▶ [MATERIAL PROVIDED]
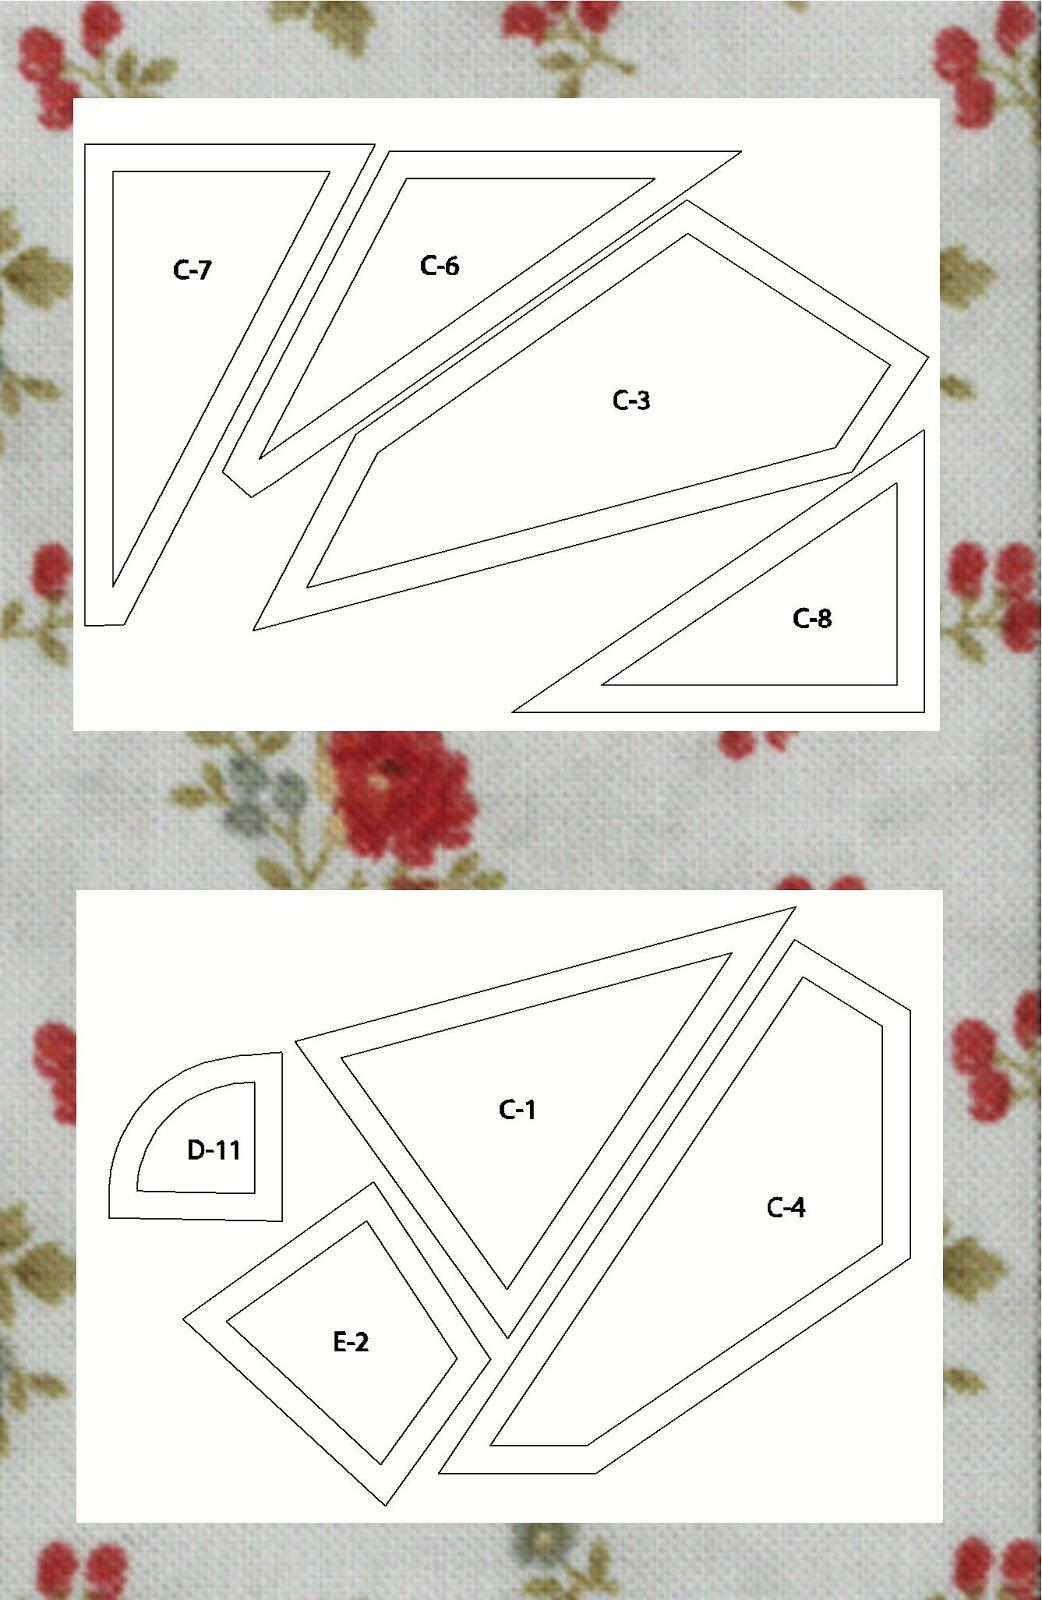 Free Printable Crazy Quilt Patterns Aplicacion Optimizada Para Internet Explorer 5 5 O Superior C Crazy Quilt Blocks Paper Pieced Quilt Patterns Crazy Quilts
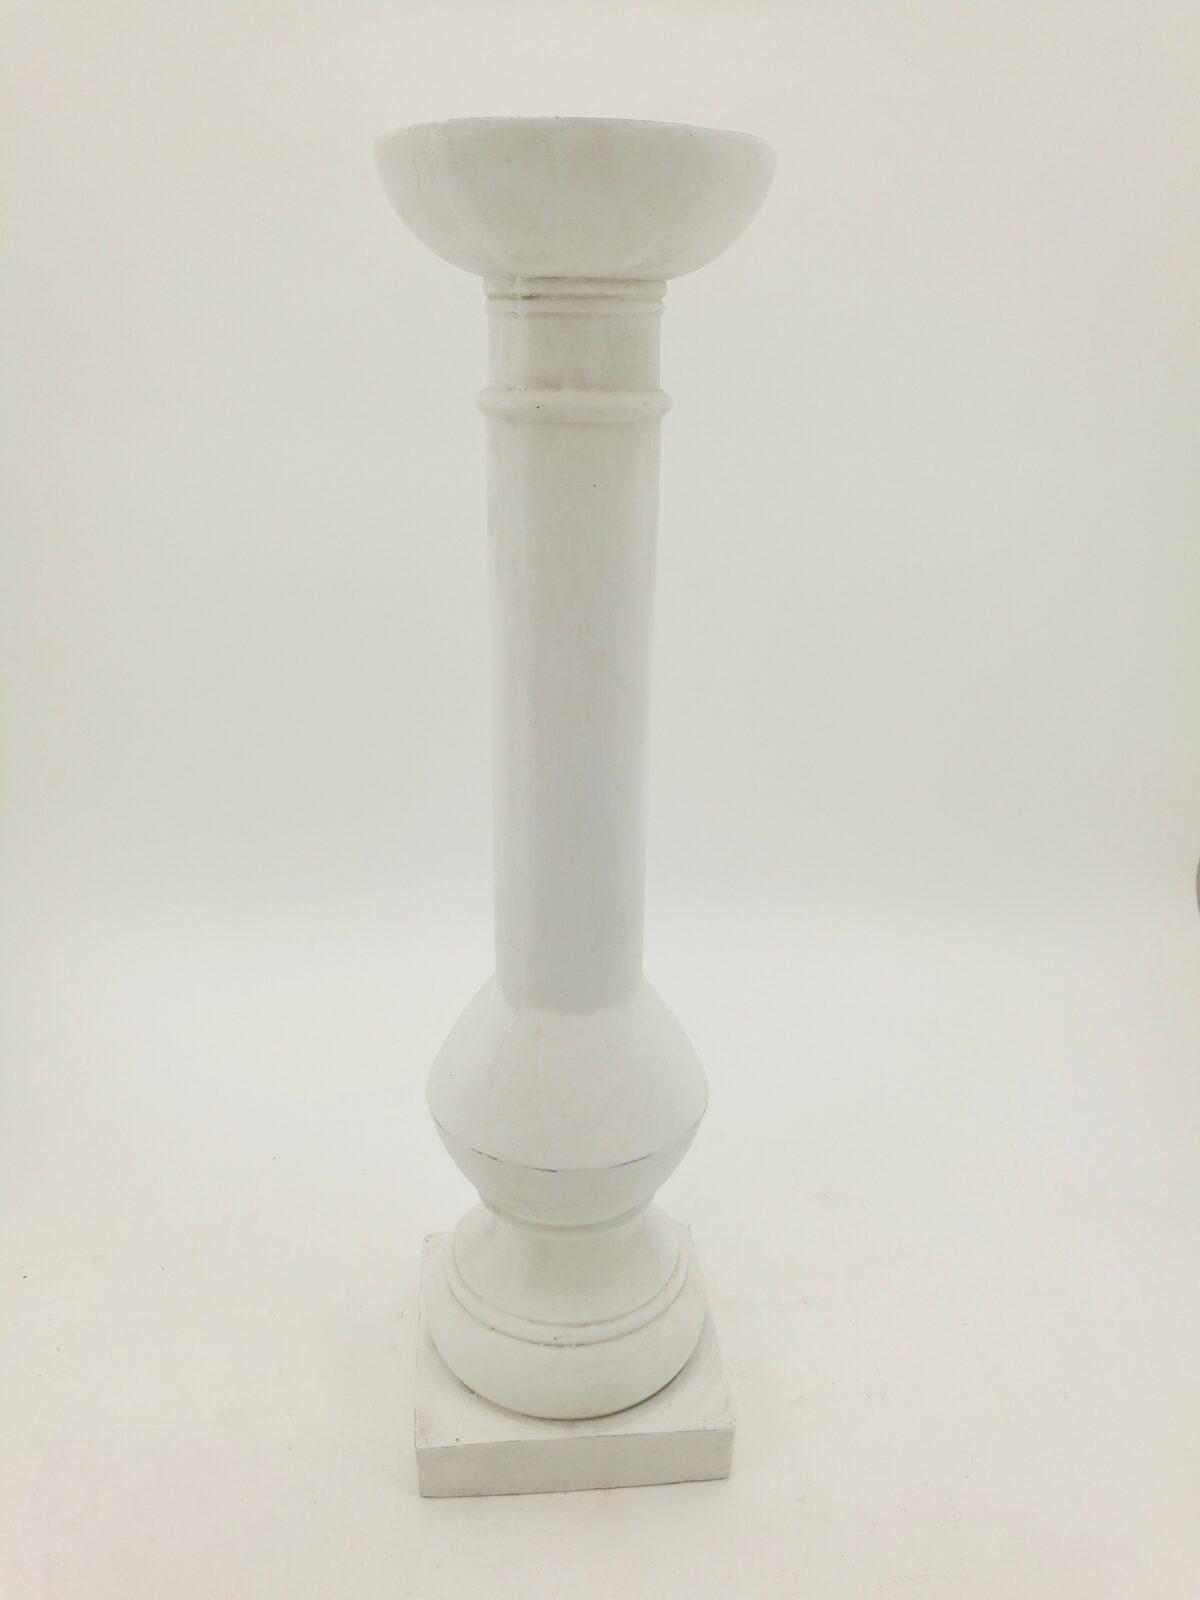 Portacandela cemento bianco D.21,5 H.81
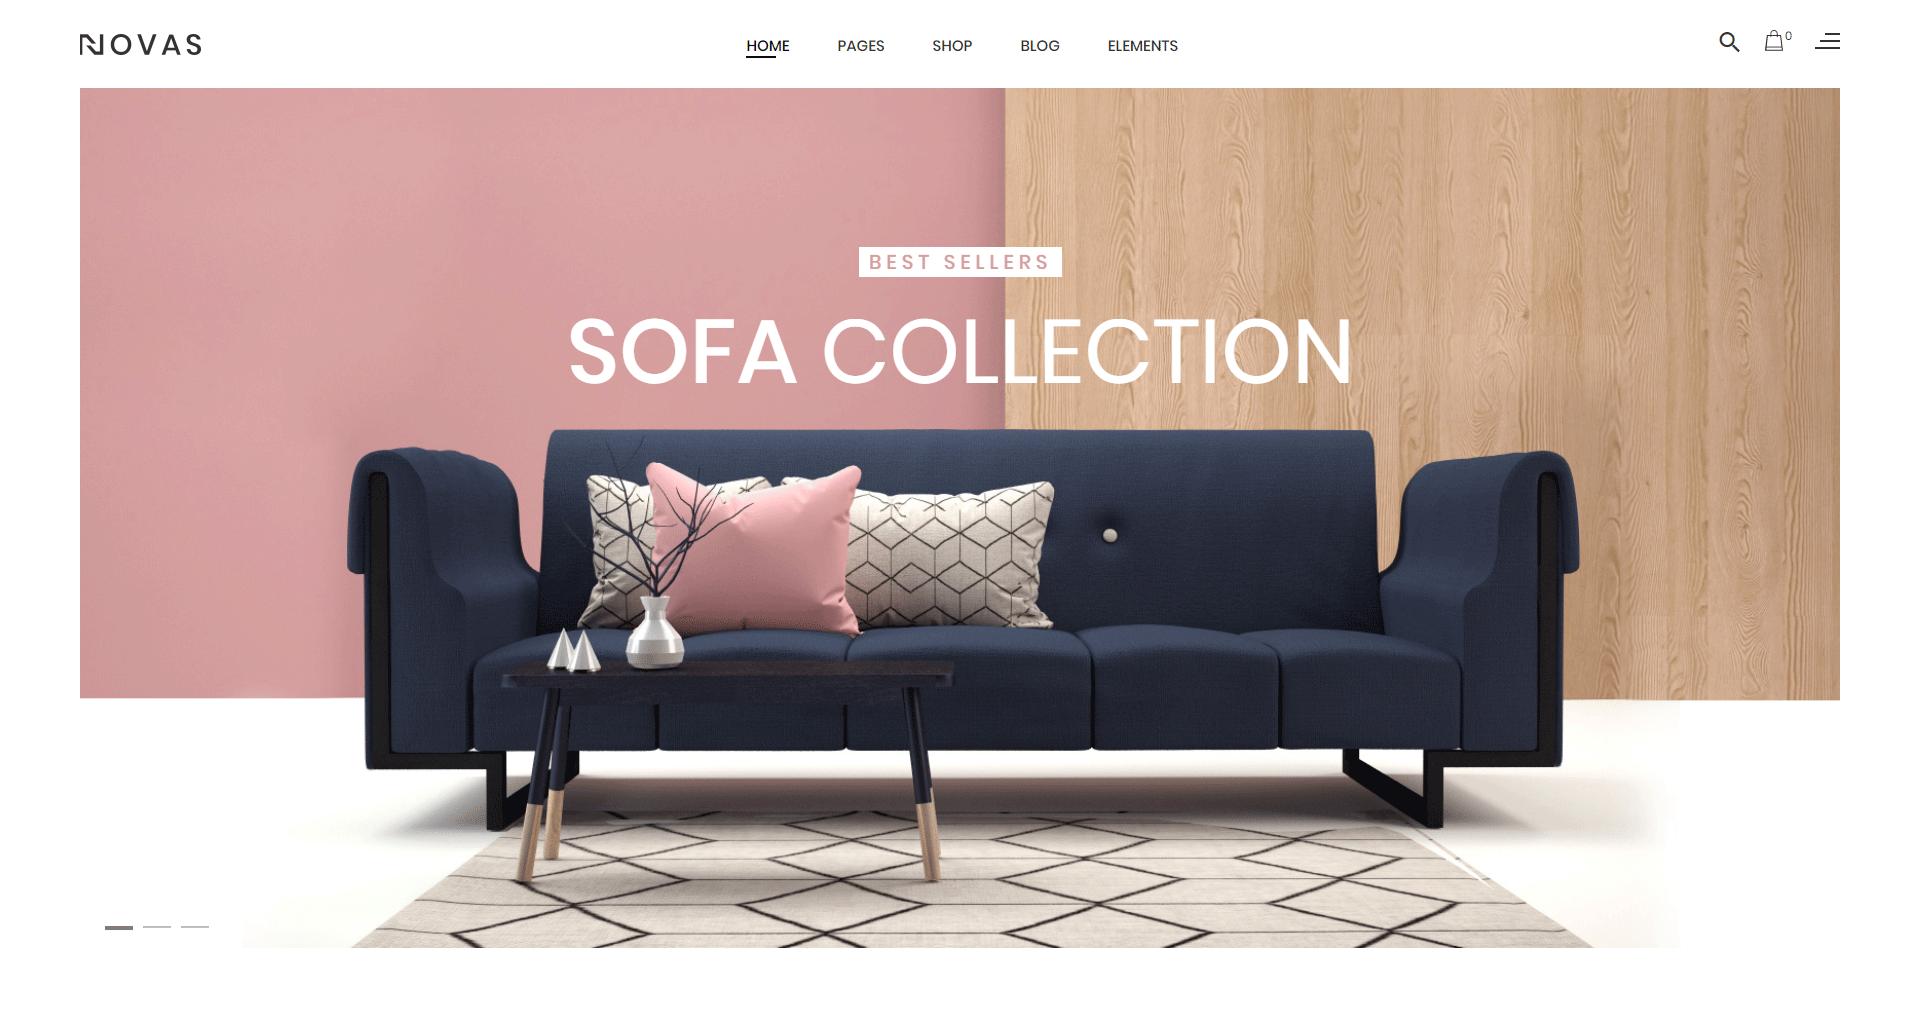 Novas - Furniture Store and Handmade Shop WordPress Theme

▶ [PROBLEM STATEMENT] Would you copy each line above exactly as given, dropping any images?

▶ [OUTPUT]
 Free Printable Crazy Quilt Patterns Aplicacion Optimizada Para Internet Explorer 5 5 O Superior C Crazy Quilt Blocks Paper Pieced Quilt Patterns Crazy Quilts
 Portacandela cemento bianco D.21,5 H.81
 Novas - Furniture Store and Handmade Shop WordPress Theme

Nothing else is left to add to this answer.